From the line below containing "Poste de soudure" to the final line, print each line exactly as written. No pictures belong in the copy.

**Given data**.
● ● ● ● ●

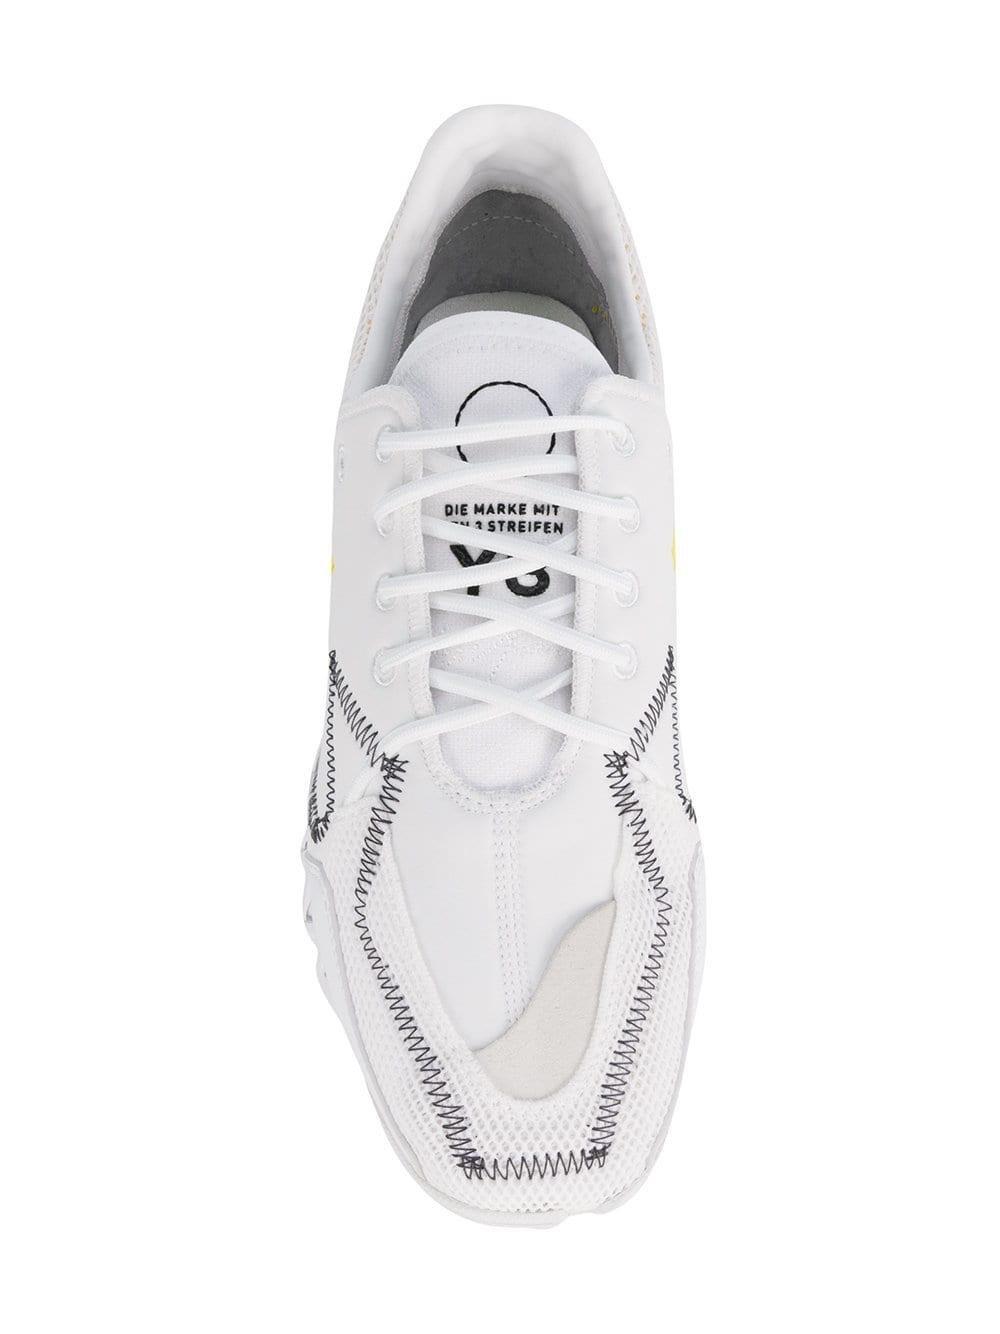 Y-3 Leather Y3 Adidas X Yohji Yamamoto Ekika Trainers in White
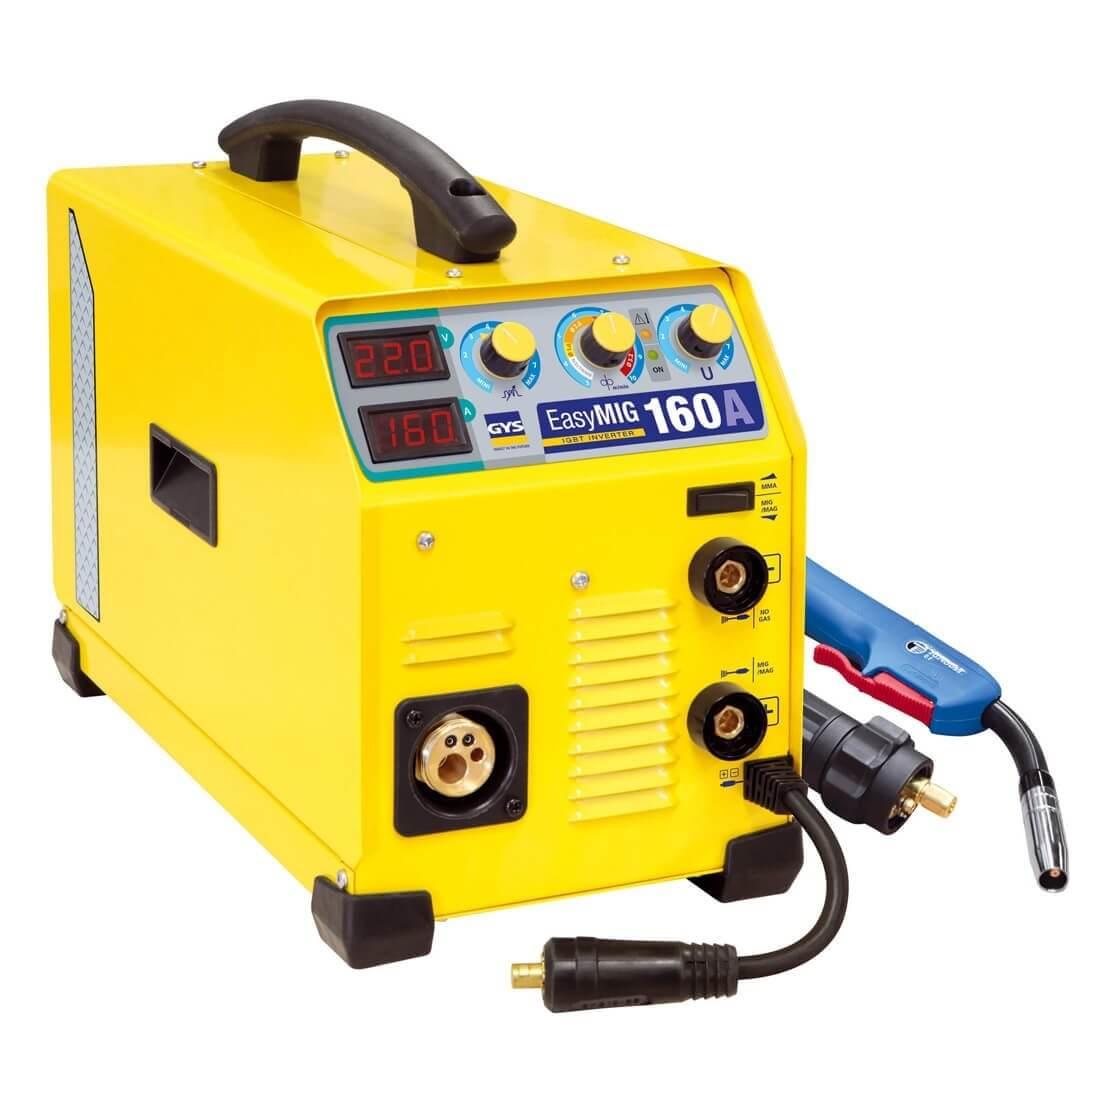 Poste de soudure MIG EASYMIG 160 -160A 230V - 3 EN1  - GYS
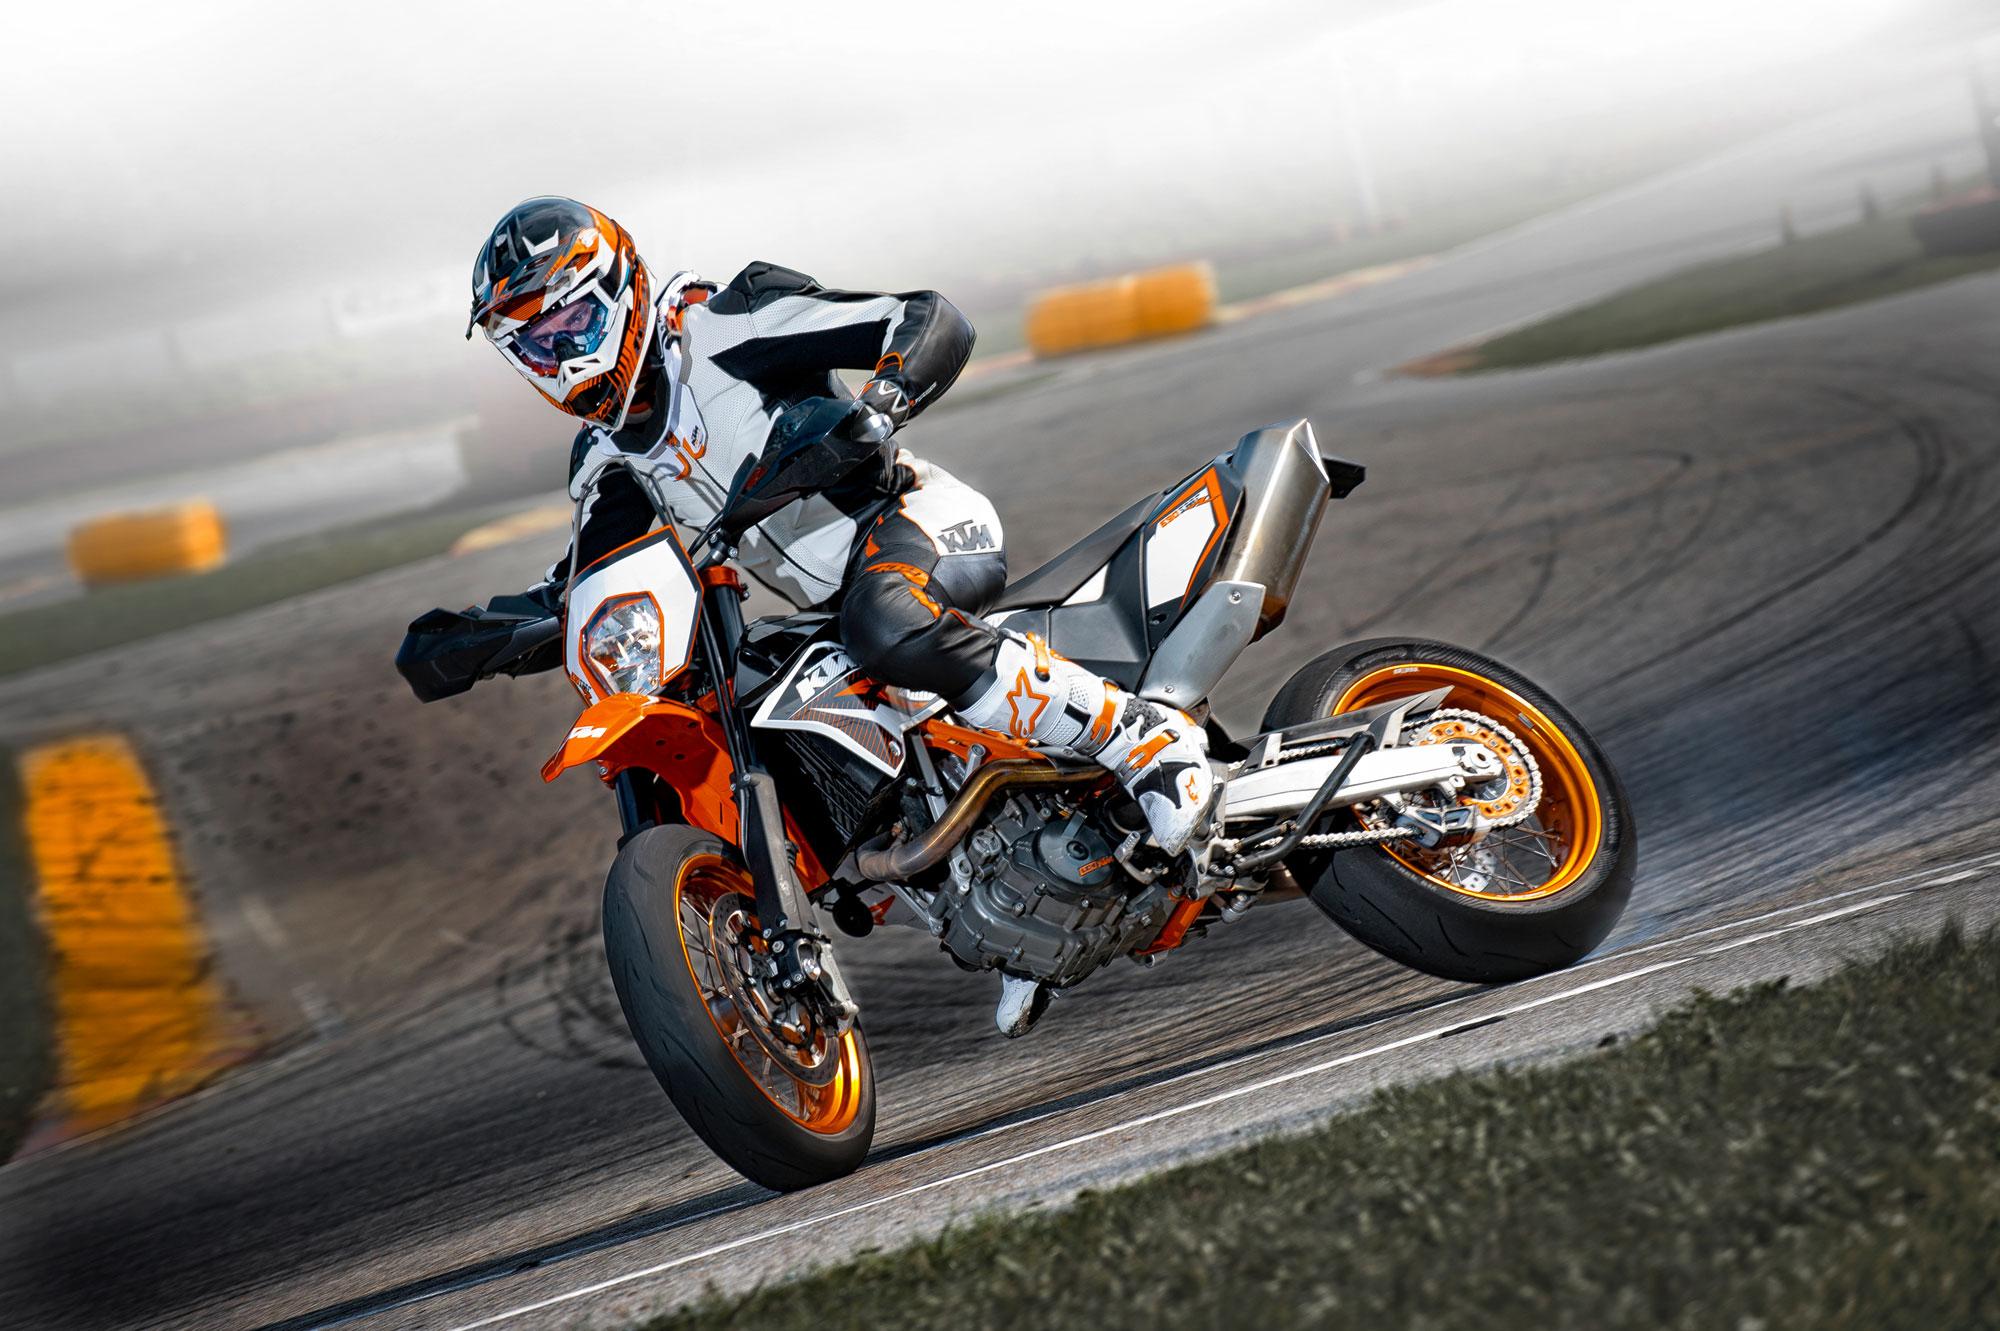 2012 KTM 690 SMCR wallpaper 2000x1331 91043 WallpaperUP 2000x1331
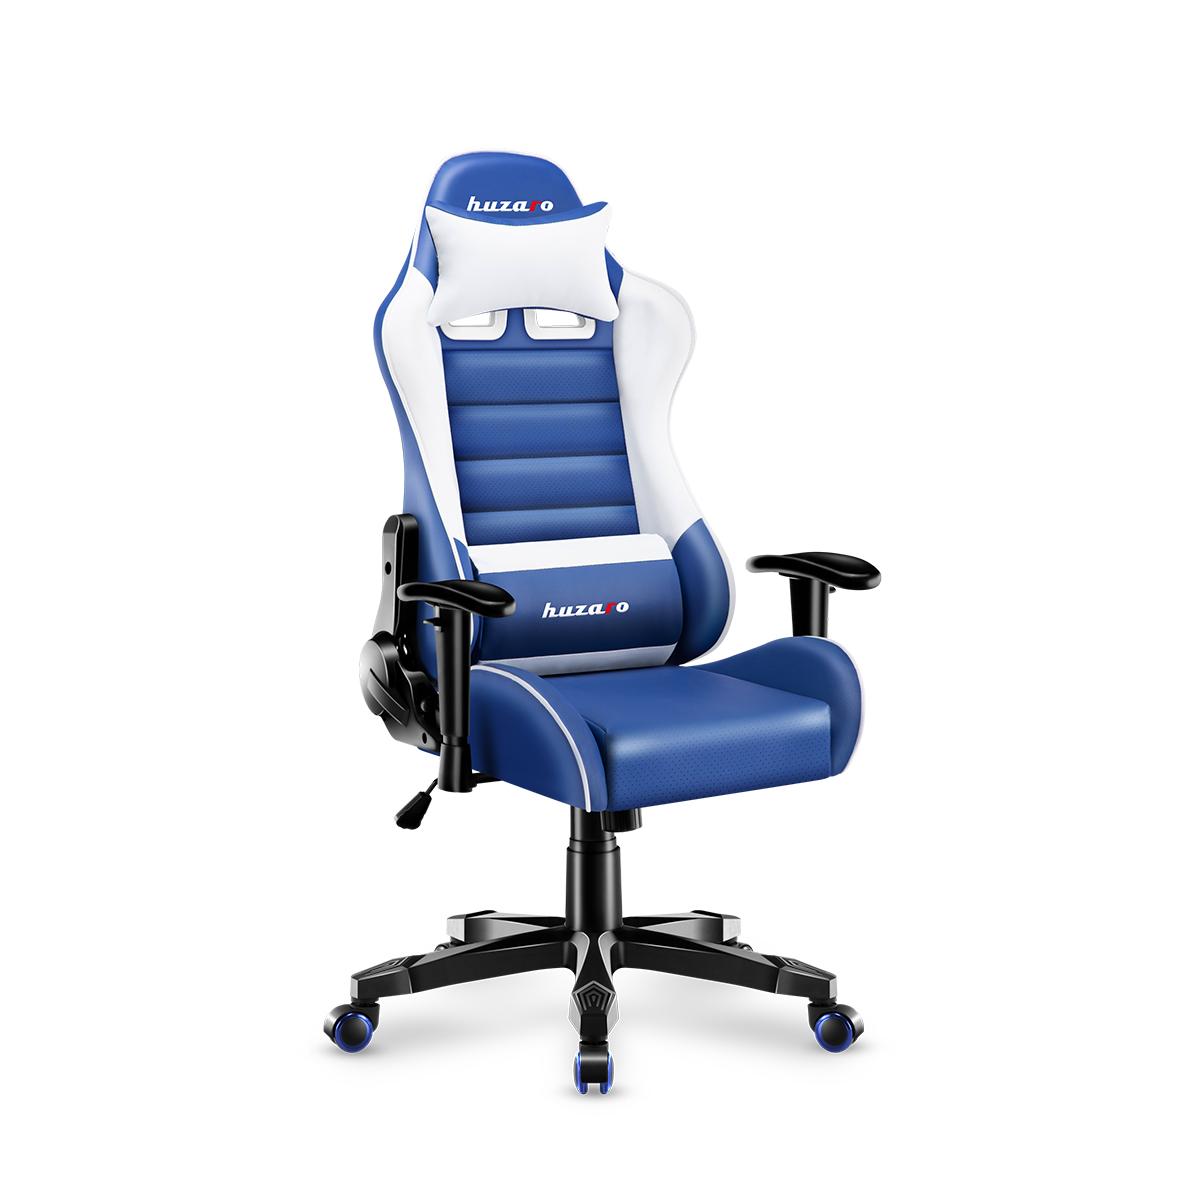 Prawy skos  fotela Ranger 6.0 Blue

● ● ● ● ●

**Answer for this exercise**.
 Poste de soudure MIG EASYMIG 160 -160A 230V - 3 EN1  - GYS
 2012 KTM 690 SMCR wallpaper 2000x1331 91043 WallpaperUP 2000x1331
 Prawy skos  fotela Ranger 6.0 Blue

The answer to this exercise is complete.